Here is the system information where crashes occurred。

Kubernetes

     version : 1.19

Host :

      kernel:  4.19, OS CentOS
      CPU:64  AMD EPYC 7T83 64-Core Processor or 64  Intel(R) Xeon(R) Platinum 8369B CPU @ 2.70GHz

Pod :

     OS:    Linux 4.19.118-2.el7.centos.x86_64/amd64
     Linux OS:    CentOS Linux release 7.9.2009 (Core)

Will this issue be fixed in JDK 21?

There may be a backport, you'll want to follow that issue upstream

jjscl8888 commented 3 months ago

When is this problem expected to be solved? @karianna

karianna commented 3 months ago

You'll need to track https://bugs.openjdk.org/browse/JDK-8331735 for progress.

CH3CHO commented 3 months ago

You'll need to track https://bugs.openjdk.org/browse/JDK-8331735 for progress.

However, Java 21 isn't in the affected versions list.

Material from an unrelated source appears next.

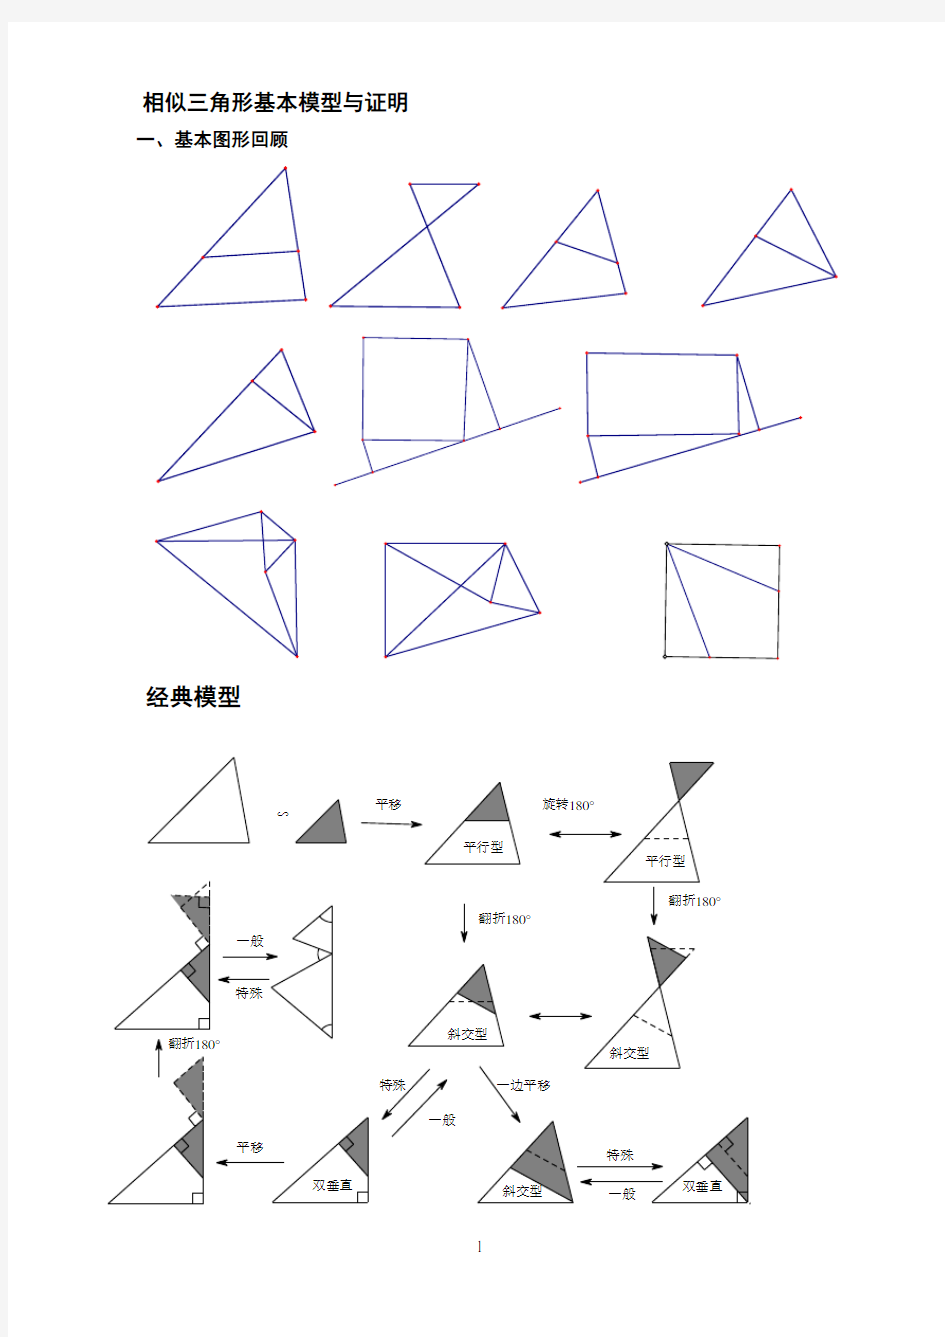 相似三角形基本模型与证明

That's why we wondered whether the fix would be backported to 21 or not. Would you add 21 into the list as well?

image

karianna commented 3 months ago

Added 21

github-actions[bot] commented 4 days ago

We are marking this issue as stale because it has not been updated for a while. This is just a way to keep the support issues queue manageable. It will be closed soon unless the stale label is removed by a committer, or a new comment is made.